Table 1. Statistics for the 6 datasets.

3.1. Recurrent Topological Networks for Word Learning

In TSOMs, word learning proceeds by developing maximally discriminative Markov-like chains of topologically arranged memory nodes, derived from exposure to fully inflected input forms with no morphological annotation. Nonetheless, node chains can mirror effects of gradient morphological structure and emergent paradigm organization. By developing specialized patterns of map nodes through recurrent connections, TSOMs encode input symbols auto-associatively, exploiting the formal redundancy of symbolic temporal series. Node specialization is modeled through discriminative learning equations (Ramscar and Yarlett, 2007; Baayen et al., 2011), which offer a powerful strategy for scaffolding the input stream into internalized structured representations that are efficient for word recognition and production. We provide here an informal, functional description of TSOMs. The interested reader is again referred to the Appendix for all mathematical and algorithmic details.

A lexical TSOM consists of a bank of input nodes encoding input letters, and a bank of processing nodes making up the lexical map proper (Figure 1). Each processing node is connected to the input layer through one-way input connections, and to other processing nodes (including itself) through one-time delay re-entrant temporal connections. At each time tick t, activation flows from the input layer to the map nodes through input connections. Re-entrant temporal connections update each map node with the state of activation of all nodes at the previous time tick (see the unfolded view of Figure 1).
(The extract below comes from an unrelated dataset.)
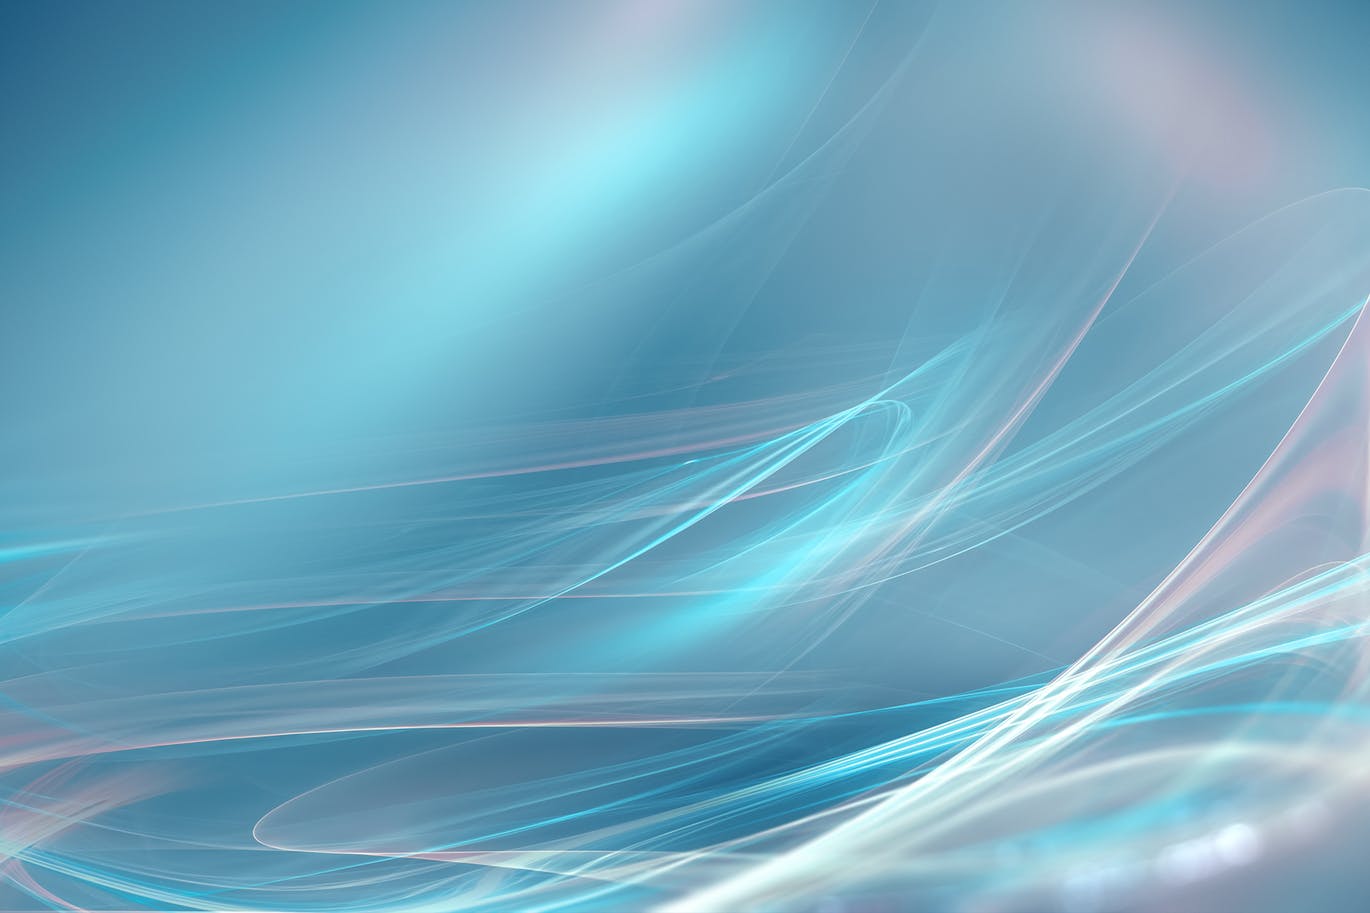 超高清抽象平滑线条蓝色背景图片素材v2 Abstract Blue Background 第一素材网

As with classical Recurrent Neural Networks (Elman, 1990), a word is input to a TSOM one symbol S at a time. Activation spreads through both input and temporal connections to yield an overall activation state, or Map Activation Pattern for S at time t: MAP_t(S). The node with the highest activation level in MAP_t(S) is called the Best Matching Unit for S at time t, or BMU_t(S). A time series of sequentially activated BMUs will be referred to as a BMU chain below. It represents the map's cumulative memory trace for an input time series.

FIGURE 1

Figure 1. Architecture and unfolded view of a TSOM. Orange nodes represent Best Matching Units activated at successive time ticks.
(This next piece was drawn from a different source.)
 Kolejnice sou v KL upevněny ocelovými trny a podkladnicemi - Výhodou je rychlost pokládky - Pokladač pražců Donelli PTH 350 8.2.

Weights on temporal connections encode how strongly the current BMU_t is predicted by BMU_t−1, over a continuous range from 0 to 1. Temporal connection weights are trained on input data according to the following principles of discriminative learning, strongly reminiscent of Rescorla and Wagner (1972) equations (see Appendix). When the bigram ‘AX' is input, a TSOM goes through two learning steps:

1. the temporal connection between BMU_t−1(A) and BMU_t(X) is strengthened (entrenchment);

2. all other temporal connections to BMU_t(X) are weakened (competition).

Step 1. and 2. incrementally enforce node specialization. Over the course of training, the map tends to allocate maximally distinct processing nodes, as a function of the form overlap and form frequency of input strings in the training set.

To illustrate the effects of node specialization, Figure 2A sketches two possible end-states in the allocation of BMU chains responding to 9 form types of German geben ‘give': geben (infinitive, 1p and 3p, present indicative), gibst (2s, present indicative), gibt (3s, present indicative), gebe (1s, present indicative), gab (1s, 2s and 3s, preterite), gaben (1p and 3p, preterite), gabt (2p, preterite) and gebend (present participle). In the left panel, BMUs are arranged in a word tree. Any node N keeps track of all nodes that were activated in order to arrive at N. The right panel of Figure 2A, on the other hand, offers a compressed representation for the 9 form types, with shared letters activating identical BMUs. As a result, when the shared node ‘b' is activated, one loses information encoding which node was activated at the previous time tick. Let us briefly consider the implications of the two structures for word processing. In the word-tree (left), gibt, gabt, and gebt are mapped onto distinct node chains, bifurcating at the earliest branching point in the hierarchy (after the “g” node). From that point onward, the three forms activate distinct node paths. Clearly, when a node has only one outgoing connection, the TSOM has no uncertainty about what step to take next, and can anticipate the upcoming input symbol with certainty. In the word-graph on the right, on the other hand, branching paths converge to the same node as soon as input forms share an identical symbol. Having more branches that converge to a common node increases processing uncertainty. The node encapsulates information of many preceding contexts, and its possible continuation paths are multiplied accordingly.

FIGURE 2

Figure 2. Graph-based representations for a few German verb forms of geben “give” (A) and glauben “believe” (B). Double-circled nodes represent word-final states, i.e., letters ending a word form; shaded nodes represent (possibly allomorphic) stems, according to the segmentation criteria of section 3.2. In (A), we provide a word-tree (left) and a word-graph (right) for the same set of 9 form types of geben.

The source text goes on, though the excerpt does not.